WORK TASK:
When you reach the line below that has "Piercing from nose", start returning lines exactly, and stop after the line that has "Ivory krátké svatební"; skip the pictures.
INPUT MATERIAL START
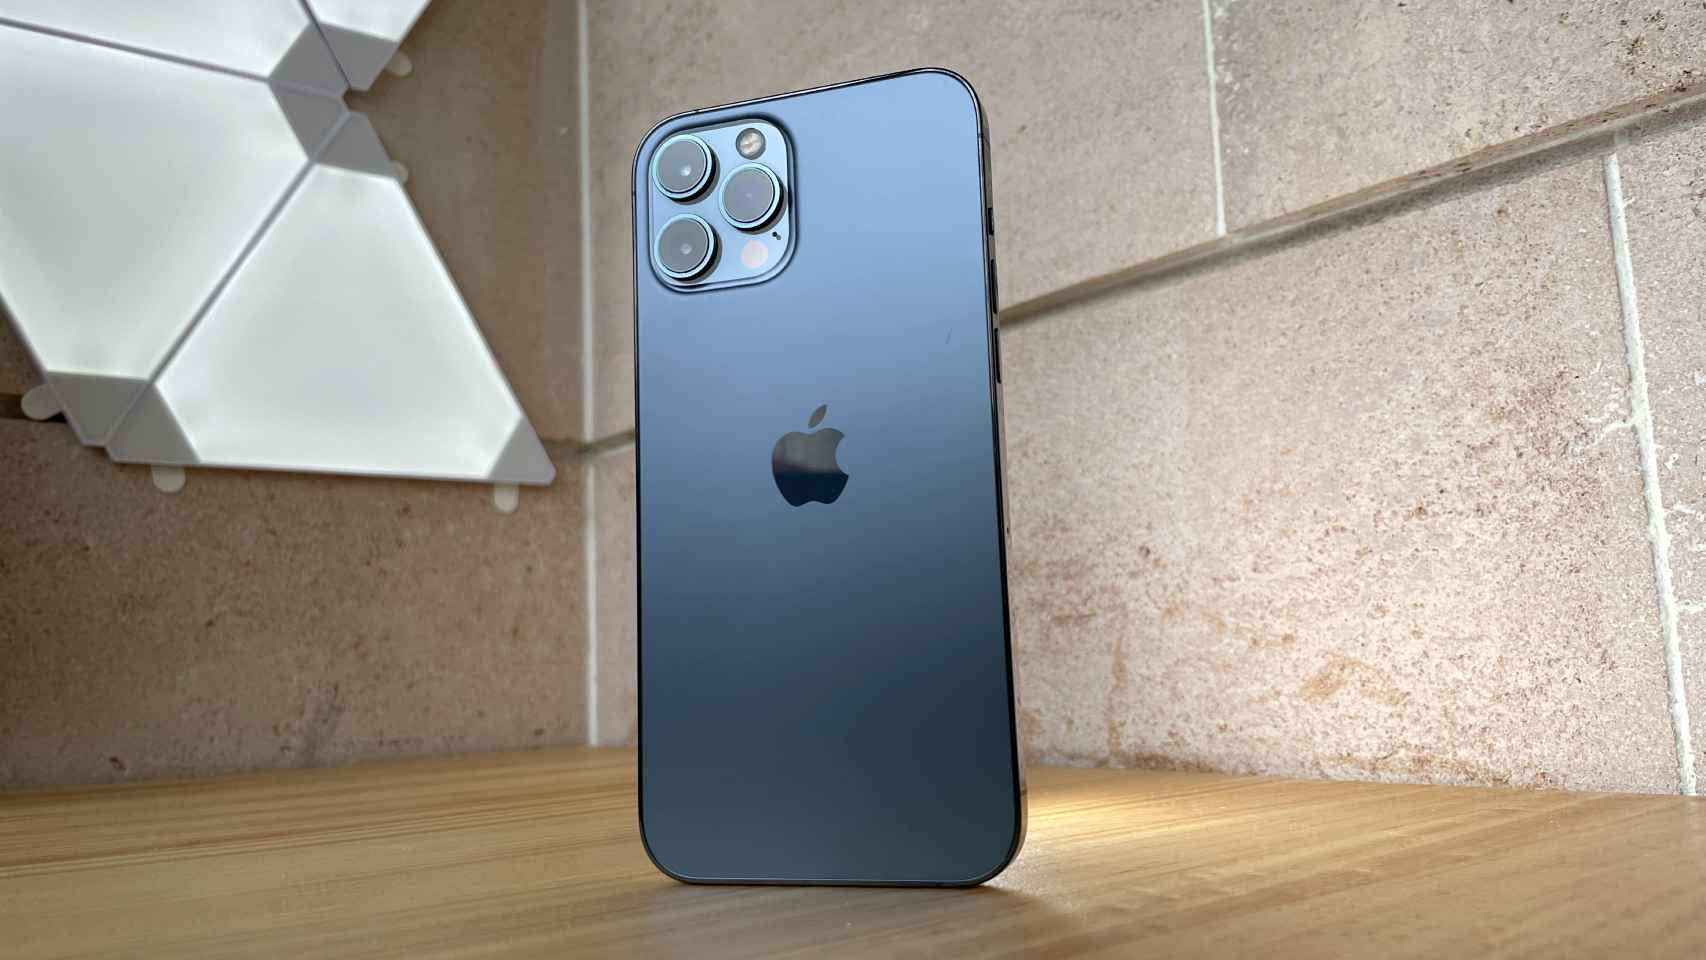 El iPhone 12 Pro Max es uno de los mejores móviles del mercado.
INPUT MATERIAL END
INPUT MATERIAL START
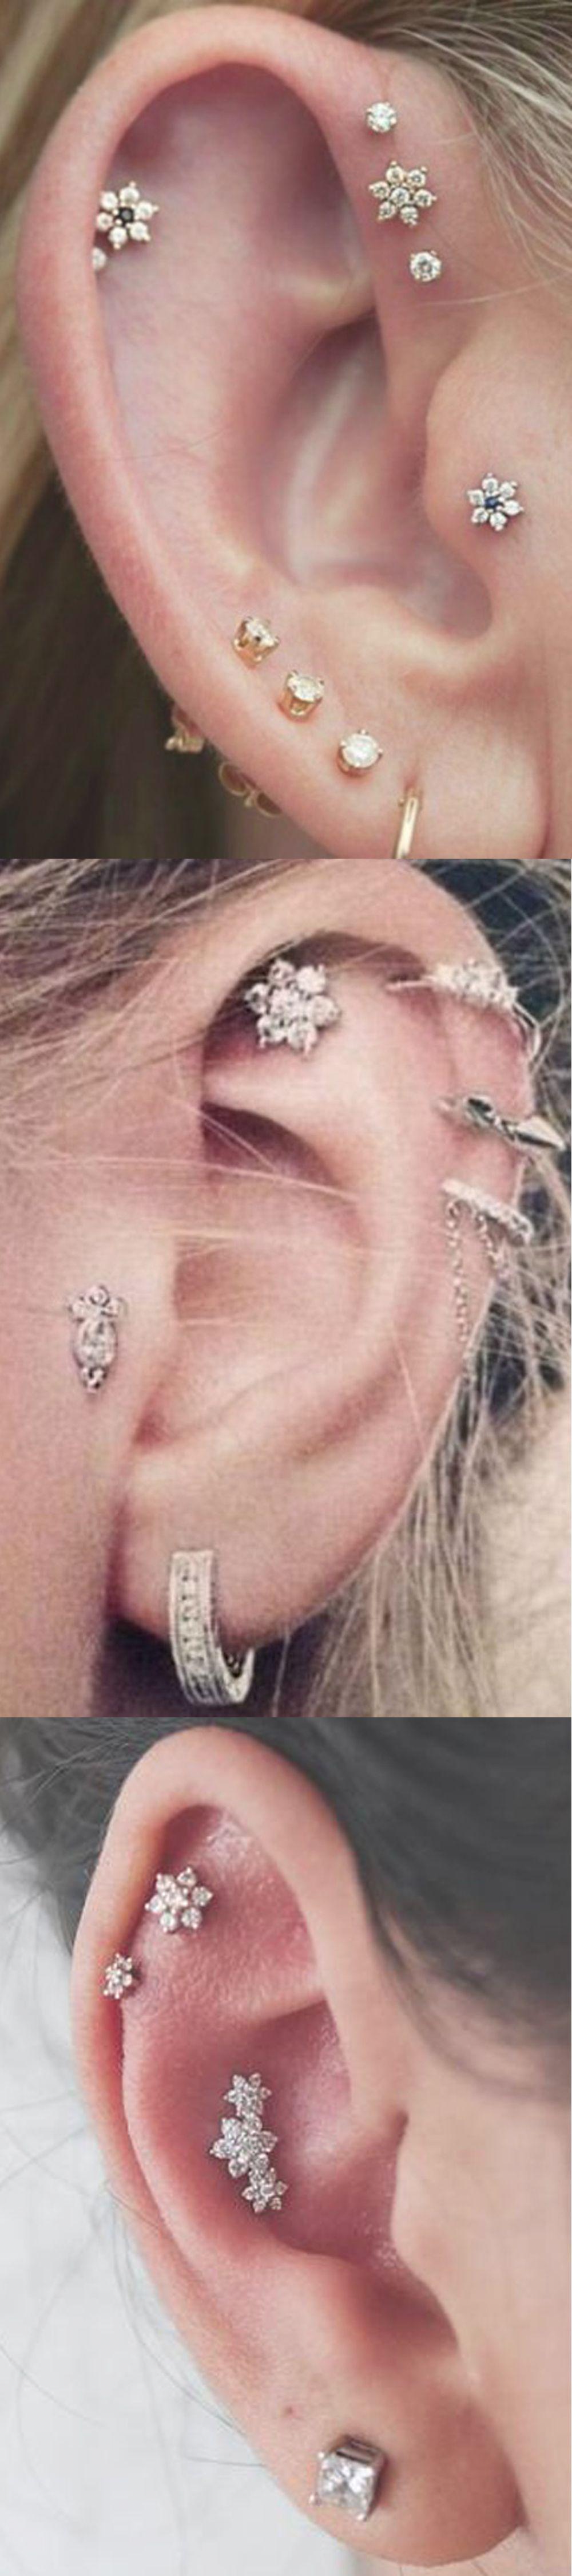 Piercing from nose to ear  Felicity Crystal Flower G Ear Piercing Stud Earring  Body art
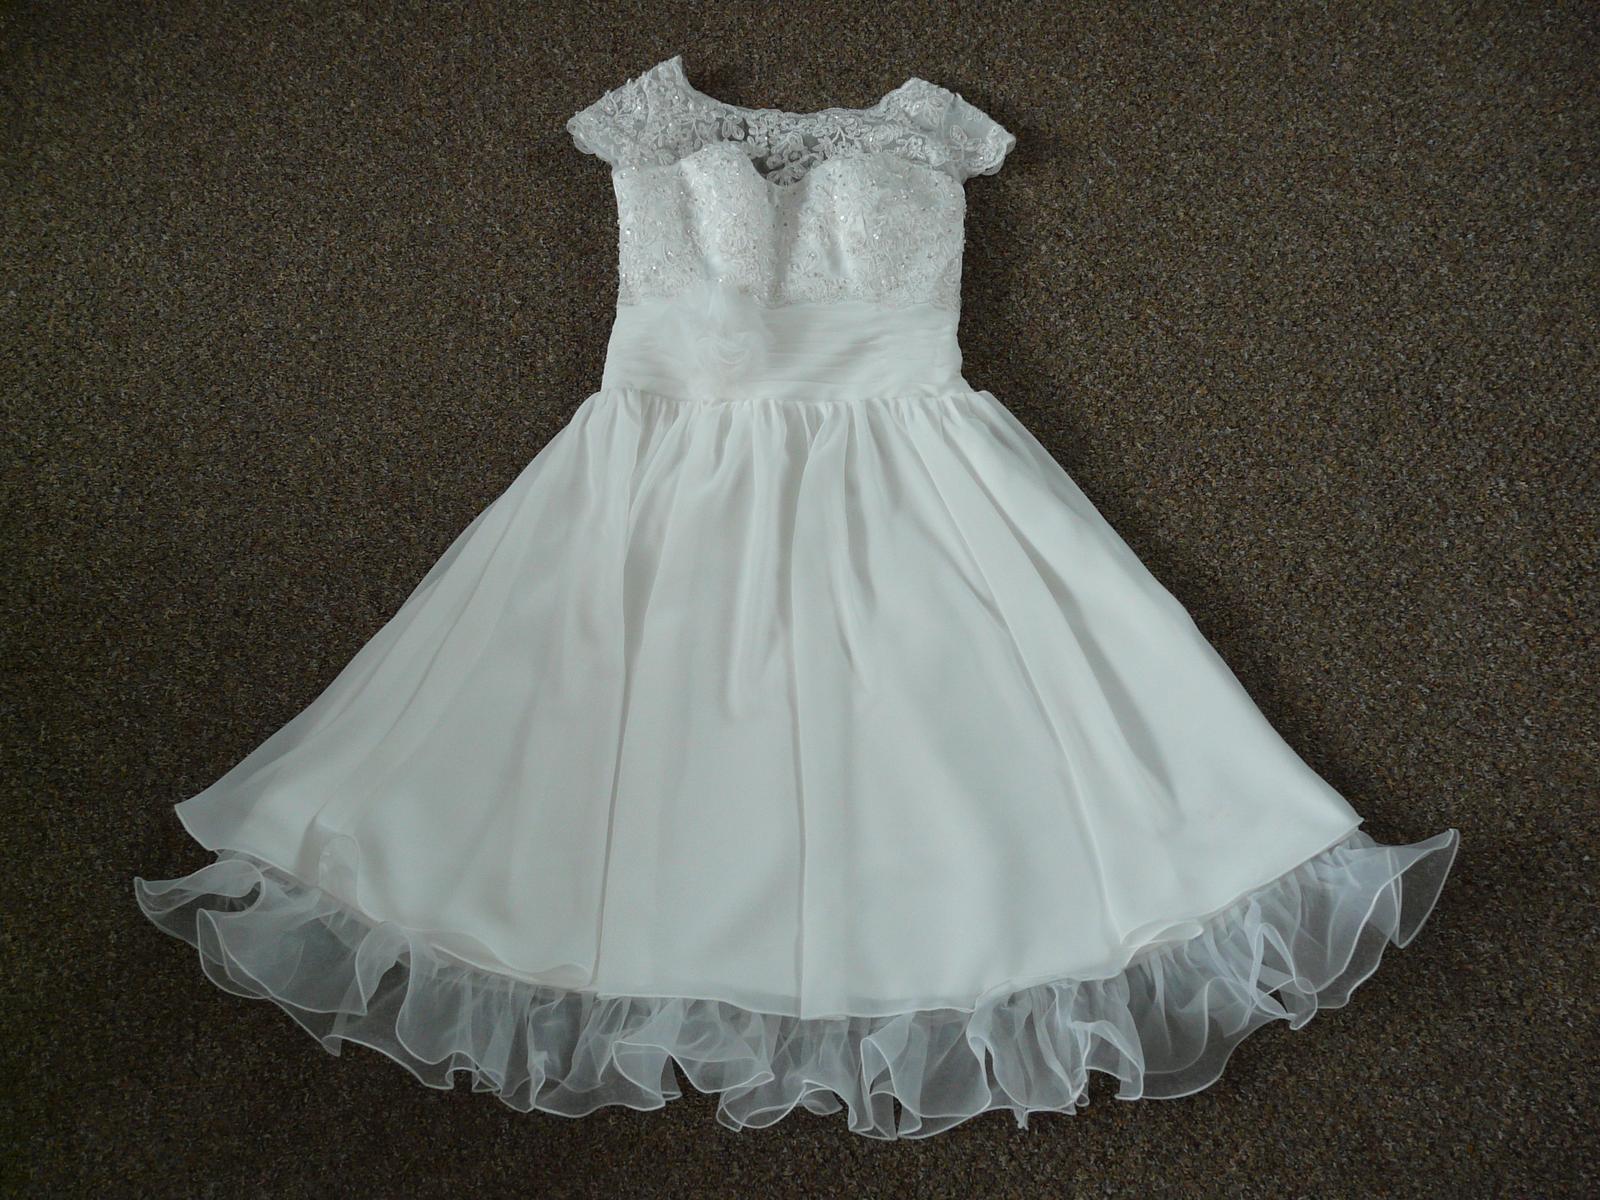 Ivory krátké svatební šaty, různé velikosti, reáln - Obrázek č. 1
INPUT MATERIAL END
INPUT MATERIAL START
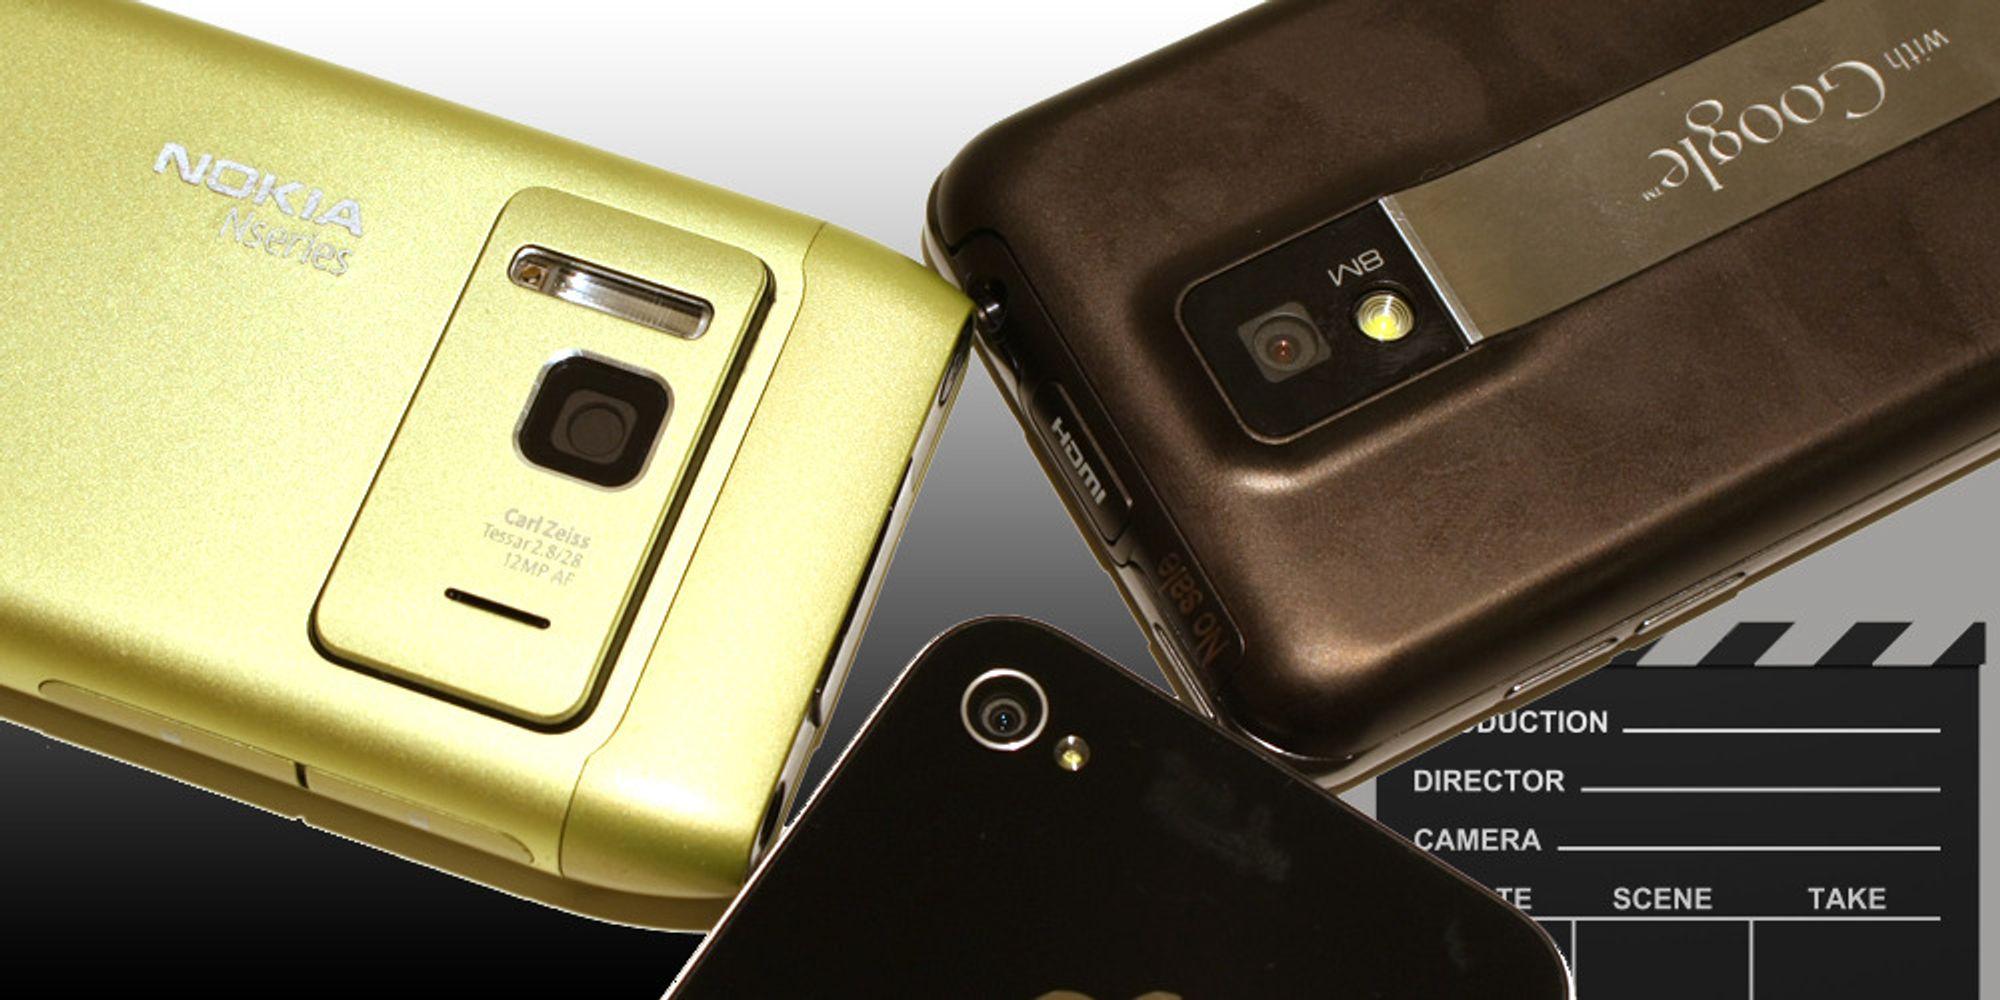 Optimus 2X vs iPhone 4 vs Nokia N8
INPUT MATERIAL END
PROBLEM SOLUTION:
 Piercing from nose to ear  Felicity Crystal Flower G Ear Piercing Stud Earring  Body art
 Ivory krátké svatební šaty, různé velikosti, reáln - Obrázek č. 1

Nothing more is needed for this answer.